Близнецы обозрели приумолкшее собрание.
— Тут достаточно, чтобы начать. Если есть идеи, мы их выслушаем.
Одна из девушек Ларри вдруг рванулась через комнату и вскинула кулак, угрожая второму близнецу:
— Если вы вообразили, что можете нас заставить…
— Дамы и господа, сохраняйте спокойствие! — умоляюще воззвал Обсок, проталкиваясь вперед. — Пожалуйста. Нам необходимо сотрудничать.
На тонких губах Ларри мелькнула жесткая ехидная улыбка. Он жестом отозвал девушку. Та подчинилась.
В этот момент робот снова открыл дверь. Появились еще несколько человек, среди которых Вооз не без удивления заметил нимфу в тонком полупрозрачном платье.
Обсок повернулся к ней и поманил, подняв руку.
— Могу ли я представить вам Нэви Хайрестер? По ней не скажешь, но она эксперт по инерциальным полям.
Братцы-Шляпники посмотрели на девушку и осклабились.
— Правда? Наконец что-то новенькое. И где ж ты училась, цыпочка?
— Я не училась, — холодно ответила Нэви. — У меня адплант.
— Адпланты не делают тебя экспертом, — сказал один из Шляпников. — Эксперт понимает, о чем говорит. Например, мы с братом — эксперты по наблюдению за тем, как люди…
— Заткнись, Шляпа, — прорычал Ларри и обернулся к Нэви. — Ты работала с полями?
Она кивнула.
— Я обслуживала генераторы, прежде чем…
— …начала обслуживать людей! — закончил вместо нее чей-то голос и расхохотался.
Вооза заинтересовало, каким ветром занесло нимфу на Мейрджайн. Несомненно, она не обычная нимфа — эти девушки, как правило, существуют только для ничем не осложняемого чувственного наслаждения, а у Нэви имеются специальные технические навыки, пускай и адплантированные.
А как насчет остальных? Нэви, вероятно, ищет быстрой наживы, как и Ромри. Но некоторые — скажем, Братцы-Шляпники или семейка Ларри — прибыли сюда с какой-то иной целью. Они уже богаты. Что же заставило их прельститься соблазном еще большего богатства и наплевать на все риски?
Нэви говорила:
— …мейрджайнский барьер явно представляет собой инерциальное поле, как в системах искусственной гравитации на звездолетах, однако оно отталкивает приближающуюся материю, а не притягивает ее. И, конечно, обладает куда большей мощностью. Обычно считается, что поля такого типа можно пробить при определенной нагрузке. Для такого сильного поля, окружающего всю планету, она будет весьма высока, но думаю, что стоит попытаться.

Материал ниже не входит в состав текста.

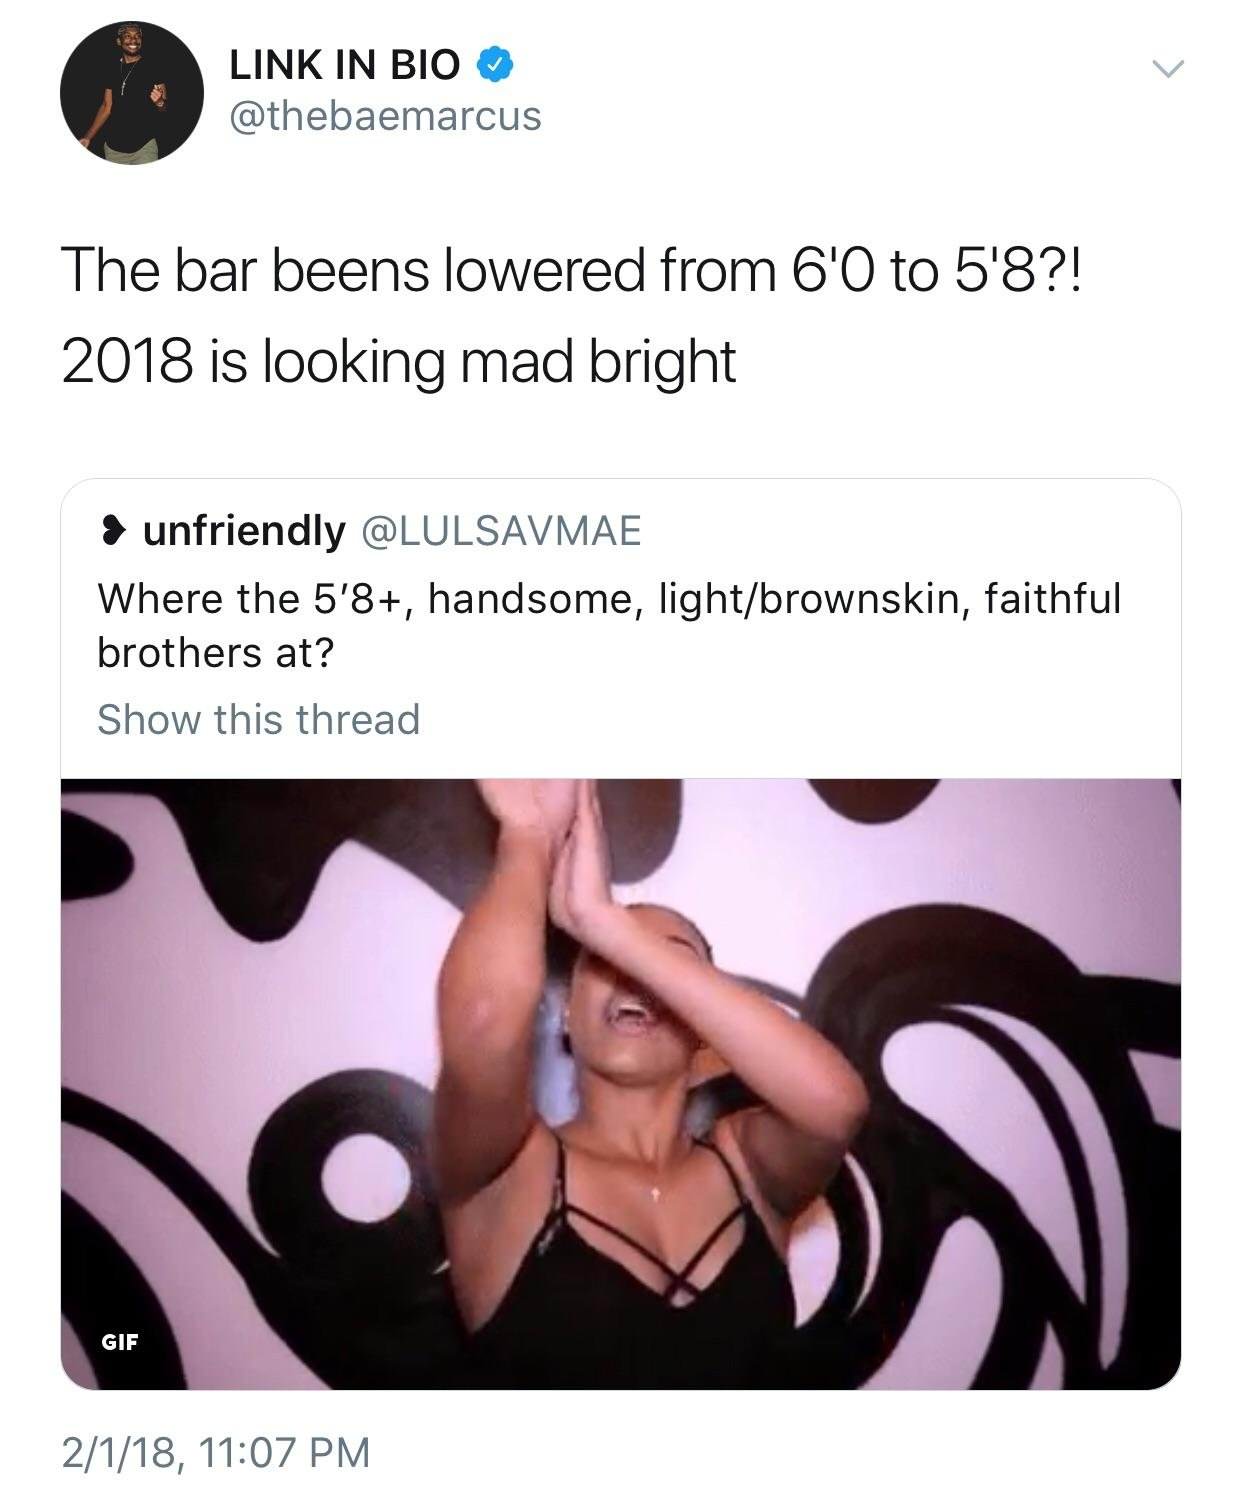 5 8 girl meme - Link In Bio The bar beens lowered from 6'0 to 5'8?! 2018 is looking mad bright > unfriendly Where the 5'8, handsome, lightbrownskin, faithful brothers at? Show this thread Gif 2118,

— Как? — спросил Ларри. Когда девушка заговорила, к ее техническим советам явно стали относиться серьезней.
— Это поле отталкивает корабли. Следовательно, оно устоит перед двигателями любого обычного корабля. Нужно оснастить корабль множеством таких двигателей и попробовать. — Она помолчала. — Если инерционное поле используется как отталкивающее, а не притягивающее, то его свойства аналогичны пузырю. При проколе оно сдуется и исчезнет, пока генератор не восстановит его.
— Это нам не на пользу, — заметил Обсок. — Не в наших интересах запускать сюда всю свору. — Он махнул рукой, словно обводя разношерстное сборище кораблей у своей яхты.
— Ничего не поделаешь, — сказала девушка.
Вооз вмешался:
— Есть и еще один аспект происходящего. Меня удивляет последовательность событий. Сигнал с Мейрджайна практически приглашал нас сюда, но, прибыв, мы натыкаемся на барьер инерциального поля. Кто-то с нами играет.
Ларри напыжился.
— Никого там нет. Первые экспедиции не обнаружили никакой разумной жизни. Только следы вымершей цивилизации.
Его девушки согласно кивнули, тем самым намекая, что он уже обсудил с ними этот вопрос.
— Тогда какая связь между приглашением и полем? — резко спросил один из Шляпников.
— Возможно, это какая-то старая машина. Включается и выключается невесть почему.
— Мне кажется, так и есть, — порывисто поддержал его молодой собеседник Ромри. Лицо юноши было серьезно. — В Академии говорят — если события противоречат друг другу, это лучше приписать природе или действиям машины, но не разума.
Какую академию он имел в виду, осталось неясным, но реплику в любом случае пропустили мимо ушей. Воозу показалось, между Ларри и Шляпниками что-то происходит. Он напрягся, но развитие событий все равно застало его врасплох.
Ларри посмотрел на ближнего Шляпника и поднял брови. Оба брата в ответ кивнули.
— Все это нужно упростить, — сказал дальний брат, хотя глядел в другую сторону и сигнала Ларри видеть не мог. На миг трое застыли в неподвижности, глаза их остекленели.
— И как же? — спросила нимфа. Никто другой вроде бы не заметил безмолвного общения троицы. Реплика Шляпника вызвала легкое удивление, но ее приписали продолжению предшествовавшего разговора.
Вооз полагал, что такого и стоило ожидать — измены, сговора врагов, любых попыток получить преимущество, хотя в сложившихся обстоятельствах его не обретет, вероятно, никто. Интересно, замешан ли в этом Обсок или змею на груди пригрел?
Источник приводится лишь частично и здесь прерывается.